Евгений Соловьев - Александр Герцен. Его жизнь и литературная деятельность
Изгнанники скоро сошлись и подружились. Витберг был значительно старше и летами, и опытом, но это не помешало сближению. Семейство Витберга еще не приезжало в Вятку, и он поселился в одном доме с Герценом. Зонненберг уже укатил на ирбитскую ярмарку, и друзья вдвоем устроили какую-то артистическую жизнь. Что-то строгое, монастырское царило в их комнатах. Целые дни они проводили в оживленных, нескончаемых беседах, часто вечерами засиживались до глубокой ночи, поверяя друг другу свои думы, свою веру, свои обиды.
«Natalie, – говорил Герцен, – едва указала мне Бога, и я стал веровать. Пламенная же душа артиста переходила границы и терялась в темном, но величественном мистицизме, и я нашел в мистицизме больше жизни и поэзии, чем в философии. Благословляю то время».

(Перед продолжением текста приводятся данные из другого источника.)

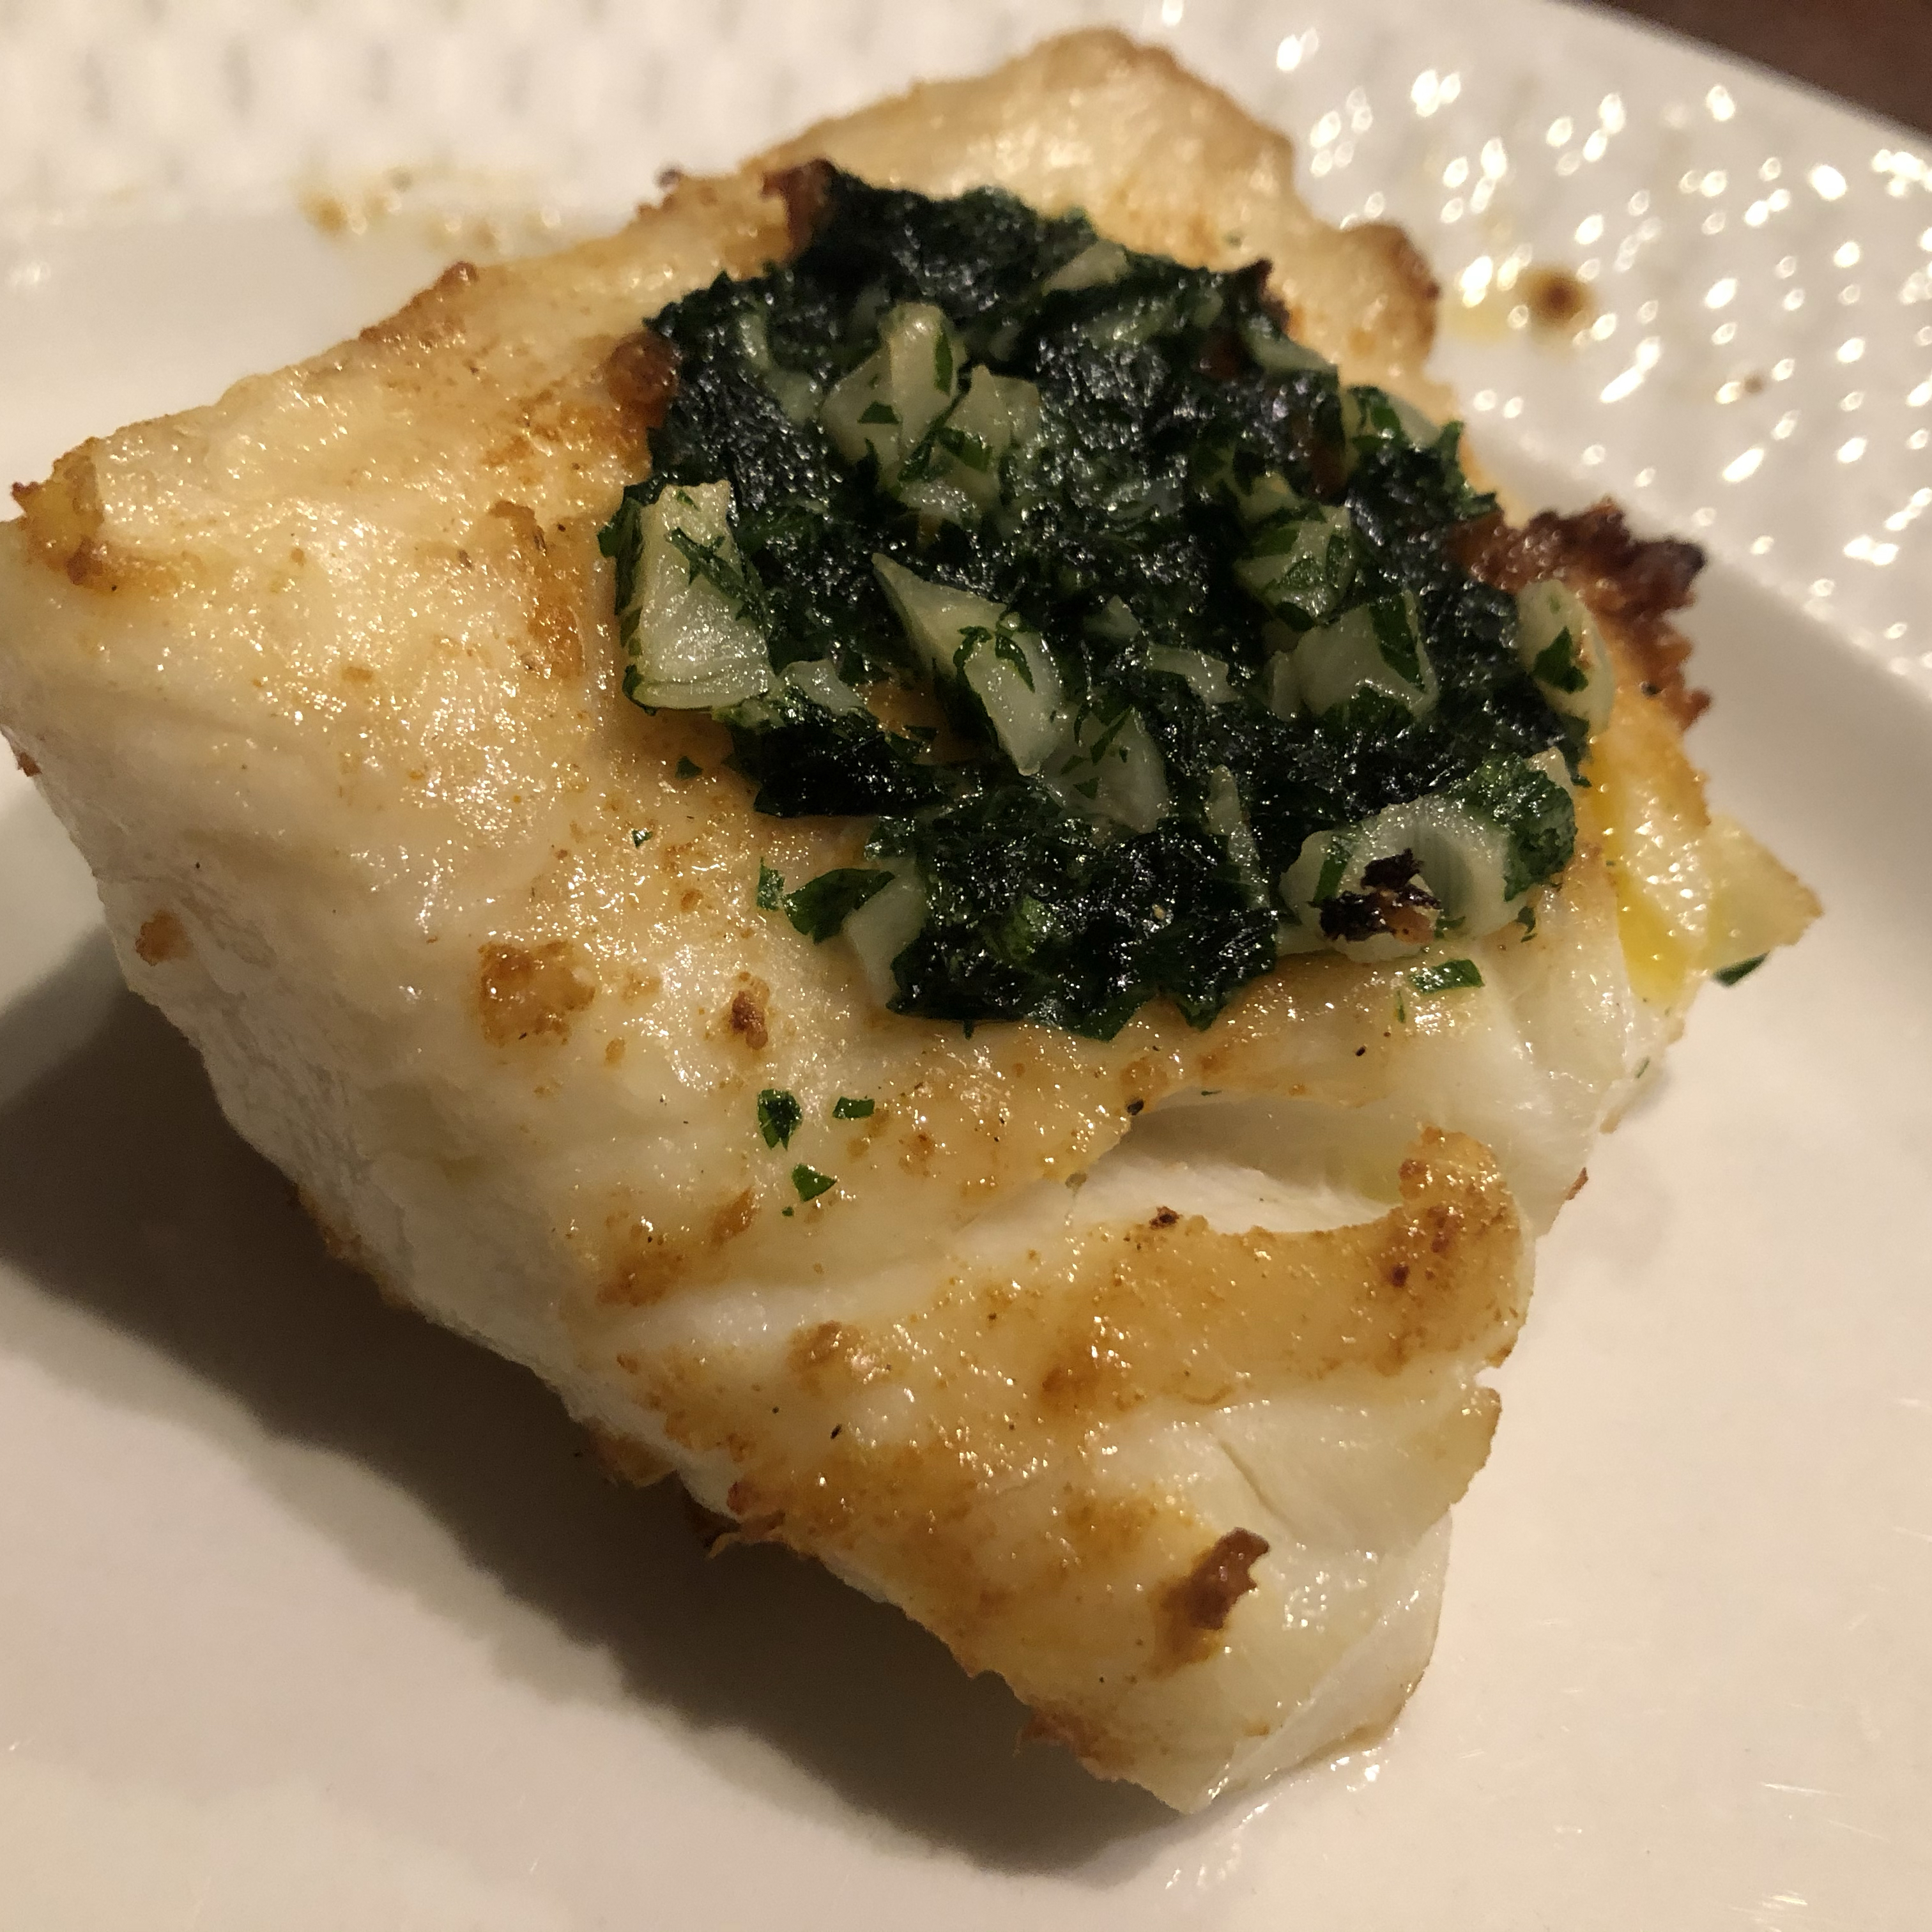 <p>Simple yet packed with flavor, this recipe lets the sea bass shine. The fillets are grilled with a paprika and lemon pepper seasoning, then drizzled with garlic and parsley butter. "This was great&mdash;a restaurant quality dish," says reviewer Claudette P Henry.</p>
                          
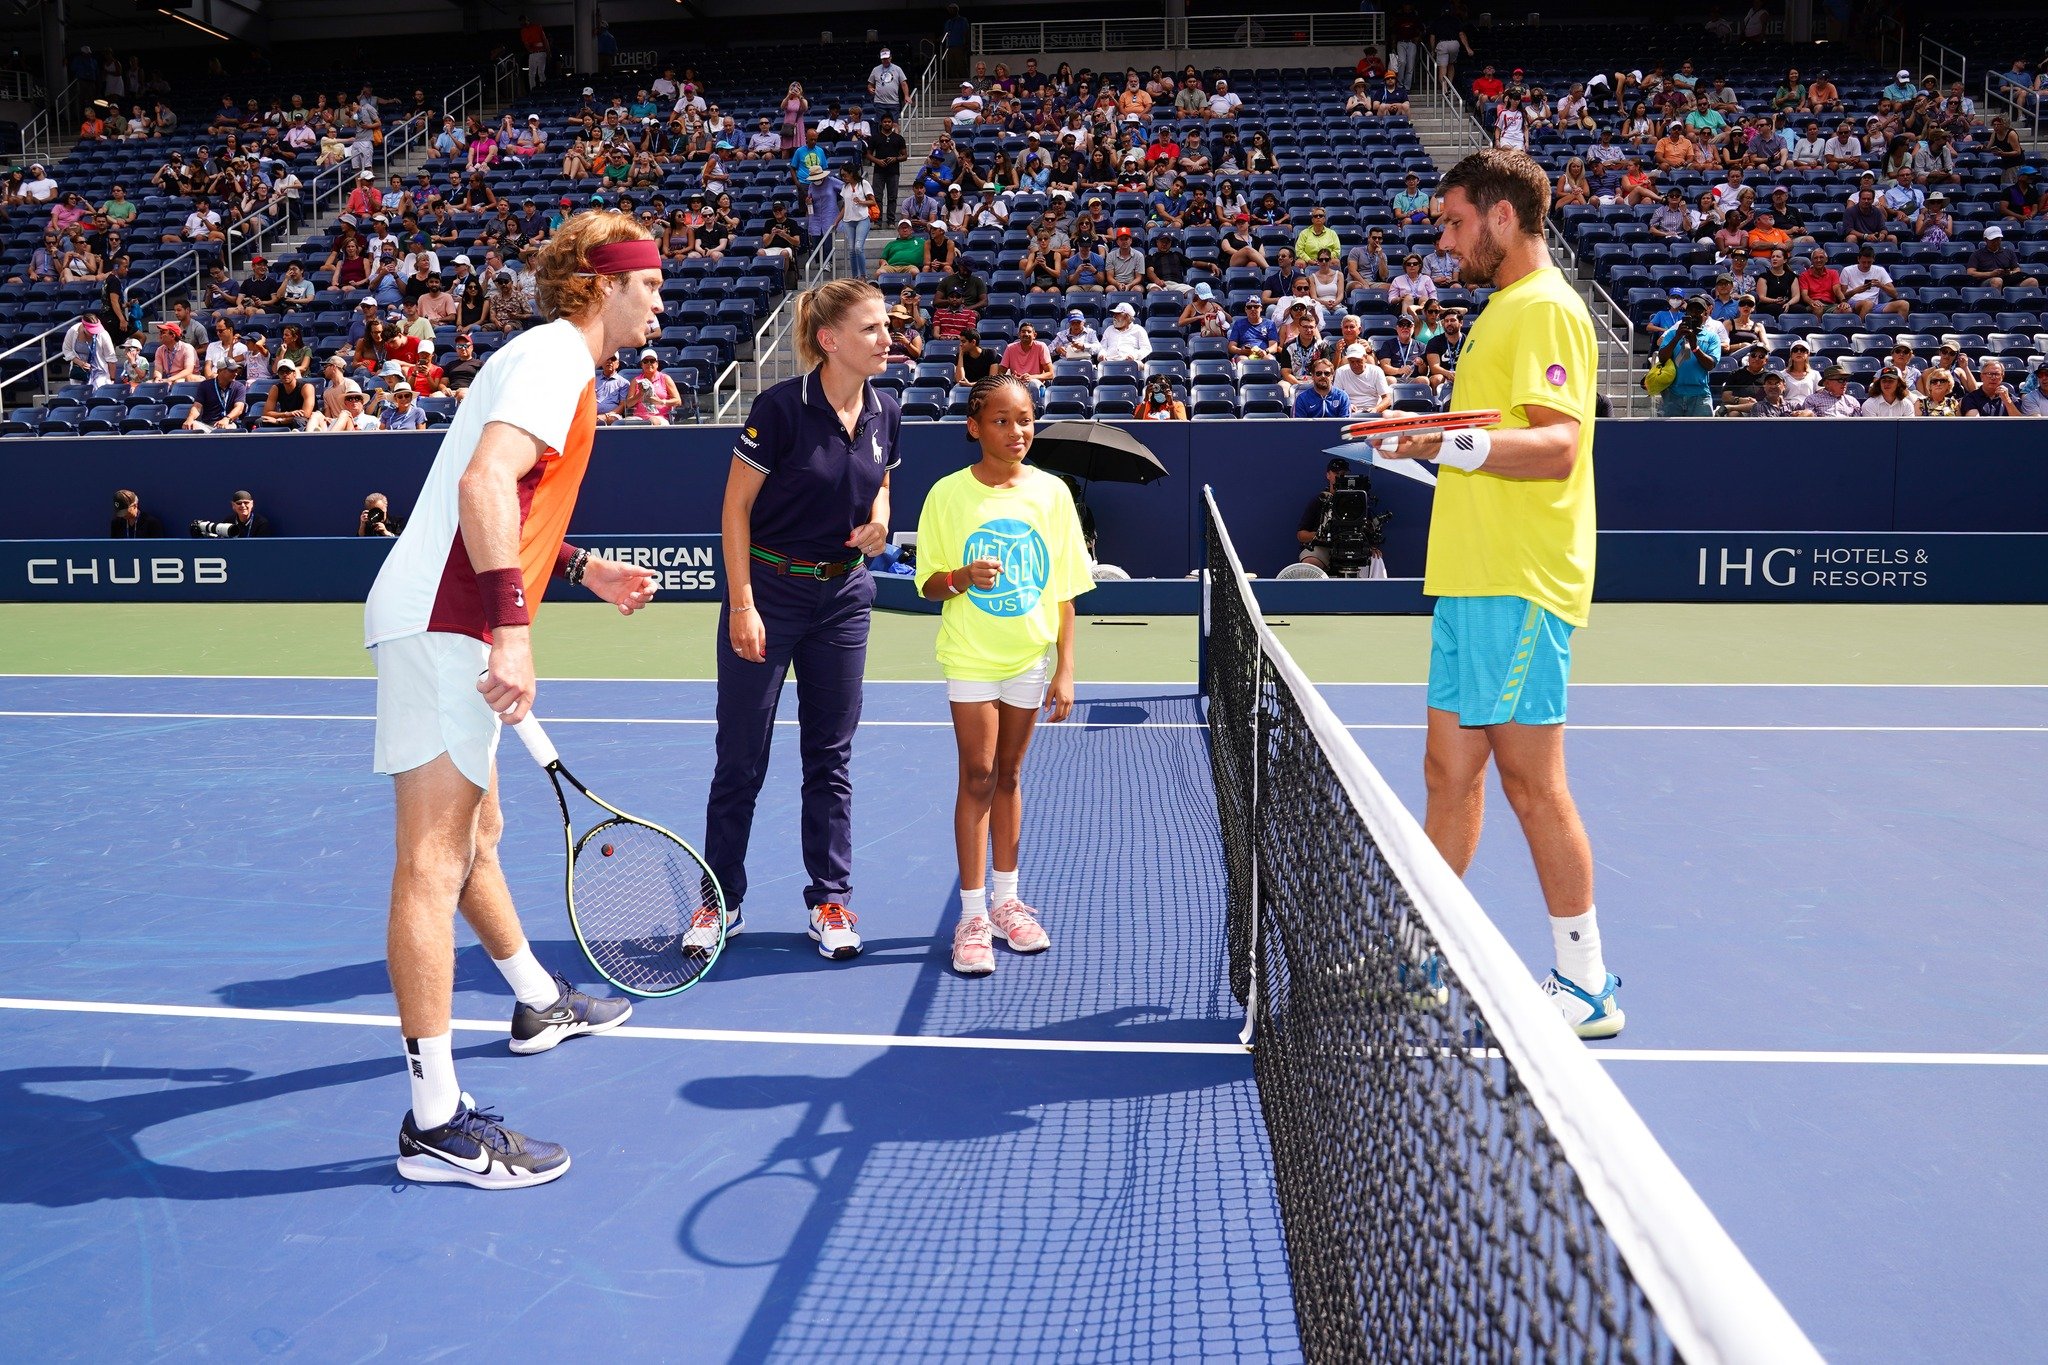 Paige Williams does Coin Toss at Us Open match 2022.jpg

Этот темный, величественный мистицизм спасал Витберга от отчаяния и поглощал в себе его глубокую, безысходную тоску. Ссыльный, опозоренный, признанный чуть ли не вором, жил он в Вятке, зная, но не смея даже допустить в мыслях, даже наедине с самим собою, что его проект – его мечта – неосуществленный сойдет вместе с ним в могилу. К величественному и грандиозному стремилась его душа, и эти святые порывы он воплотил в своем храме. Судьба, казалось, была на его стороне: Александр I признал гений художника, одобрил его планы и чертежи. Приступили к работам, и вдруг все рухнуло от зависти, злобы, клеветы.
«Не здание храма, – говорит Герцен, – хотел воздвигнуть художник, а молитву Богу… Храм должен был состоять из трех отдельных. Первый храм – нижний, храм телесный, тремя сторонами вдается в гору; свет проникает в него с четвертой стороны – восточной. Алтарь освещают огромные стекла с изображением Рождества Христова. Свод поддерживается столбами из гранита. Стены украшены черным, белым и серым мрамором. Барельефы изображают историю и смерть Спасителя и апостолов. В углублении – катакомбы в память всех воинов, павших за отечество. Свод образует фундамент второго храма и завершается катакомбой, в которой должны быть положены воины, павшие за отечество в 1812 году. Внутренние лестницы соединяют нижний храм со вторым».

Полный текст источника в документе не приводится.